Yesterday, the Senate Committee on Commerce, Science and Transportation voted unanimously in favor of a bill to protect lunar heritage sites. As noted in the press release from Senator Cruz’ office, “the One Small Step to Protect Human Heritage in Space Act would provide legal recognition and protection for the Apollo sites and artifacts from intentional and unintentional disturbances from future missions.”
Specifically, the bill states that “any Federal agency that issues a license to conduct a lunar activity shall require each applicant for such a license–to agree to abide by ‘NASA’s Recommendations to Space-Faring Entities: How to Protect and Preserve the Historic and Scientific Value of U.S. Government Lunar Artifacts'” (2011) and to abide by any successor heritage preservation recommendations, guidelines, or principles NASA may issue.
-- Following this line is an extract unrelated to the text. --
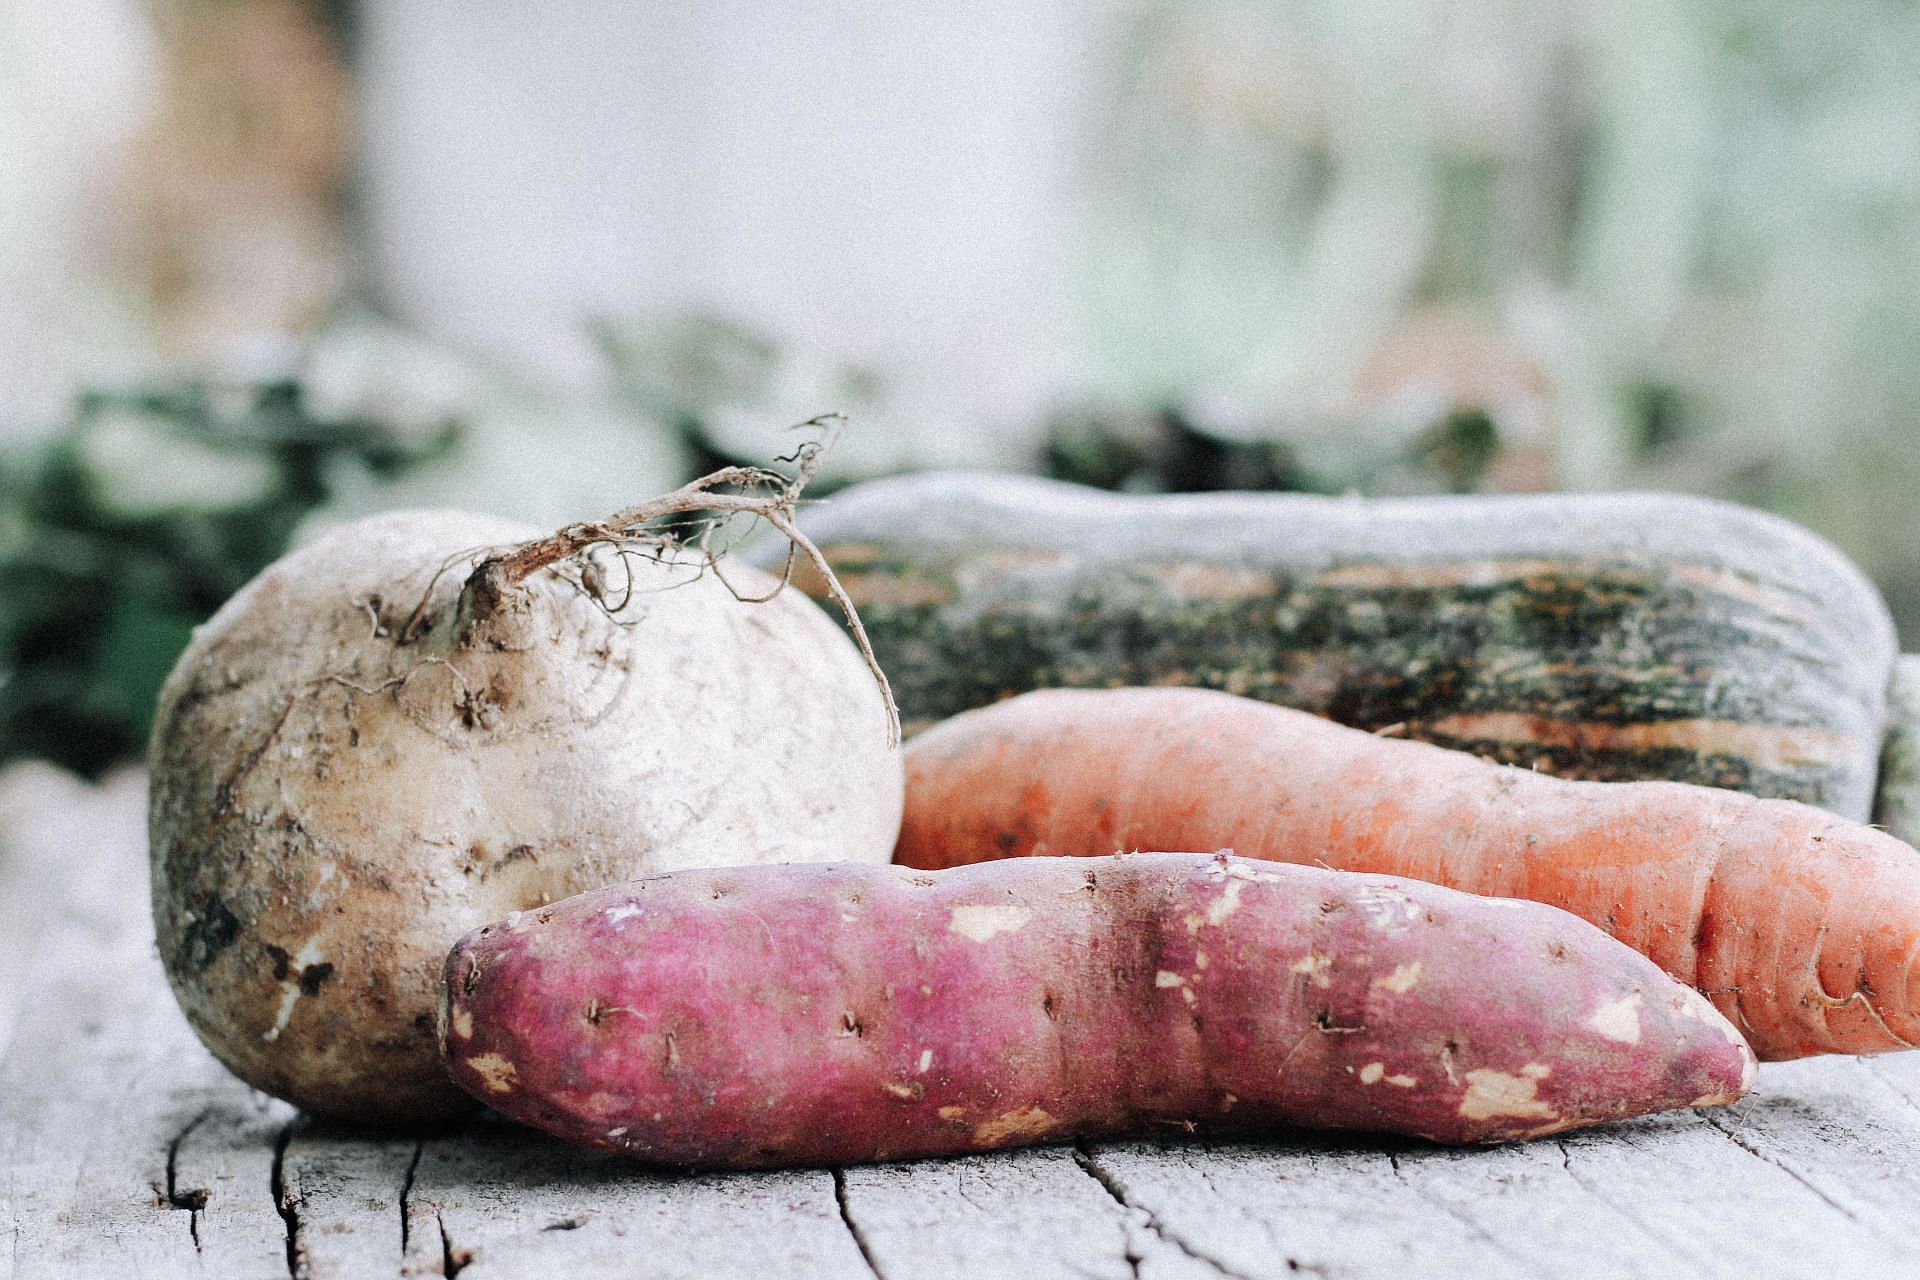 Jicama is a root vegetable with a diverse nutritional profile and several health advantages. (Image via Unsplash/Nguyen Dang Hoang Nhu)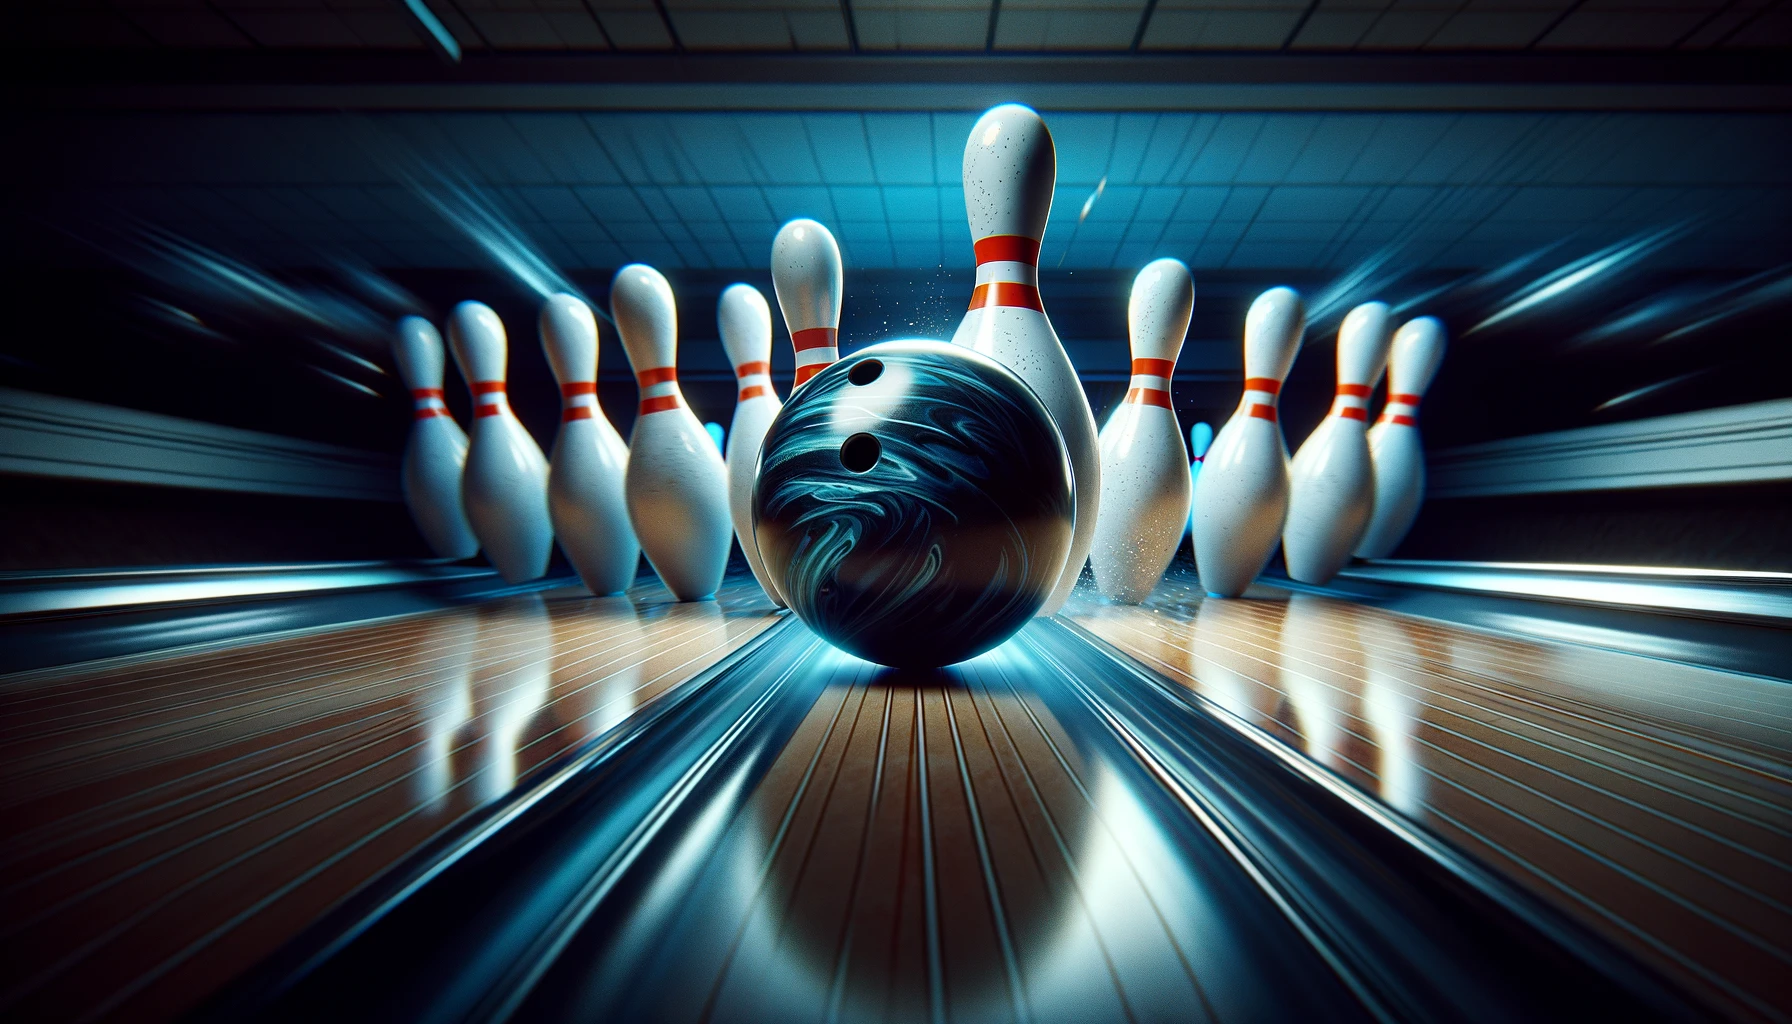 The exciting moment when a bowling ball strikes the pins.

For Congress to rely on guidelines NASA hasn’t even written yet delegates a whole lot of Congress’ lawmaking power to NASA, which is not even a regulatory agency. The first part does, too, of course, but we may assume that Congress has read the 2011 NASA guidelines, knows what’s in them, and agrees.
Also interesting is the question of what regulatory agencies this requirement to implement an agreement applies to. The bill would define “lunar activity” to mean “an action or endeavor in space that is intended to be lunar in nature, including lunar orbit, landing, and impact; or has a greater likelihood than not of becoming lunar in nature, including unintentional orbit and impact.” Currently, no regulatory agency licenses lunar activity. The FAA licenses launch and reentry to and from space. The FCC licenses satellite transmissions to and from the United States. NOAA licenses the remote sensing of Earth (and maybe eventually the Moon.) No one issues lunar landing or orbit licenses.
As drafted, this looks like it could arguably apply to the FCC and NOAA, since most persons engaging in lunar activity as defined here will need a license from at least one of these agencies. Any private American lunar lander will want to be able to phone home, and will need an FCC license to do so. So, although not technically granting a license for one of the lunar activities described above, the FCC’s licensee would at least be engaged in a lunar activity. The same logic could apply to NOAA.
Why not the FAA? The FAA only licenses launch and reentry. It doesn’t even license activities in orbit around Earth, except to the extent they are part of launch or reentry. Under 51 USC 50902, launch means “ to place or try to place a launch vehicle or reentry vehicle and any payload or human being from Earth — (A) in a suborbital trajectory; (B) in Earth orbit in outer space; or (C) otherwise in outer space,….” The launch vehicle gets you off of planet Earth. A reentry vehicle gets you back. See 51 USC 50902(16). Typically, a launch vehicle’s payload is what reaches the Moon, and the FAA doesn’t license that.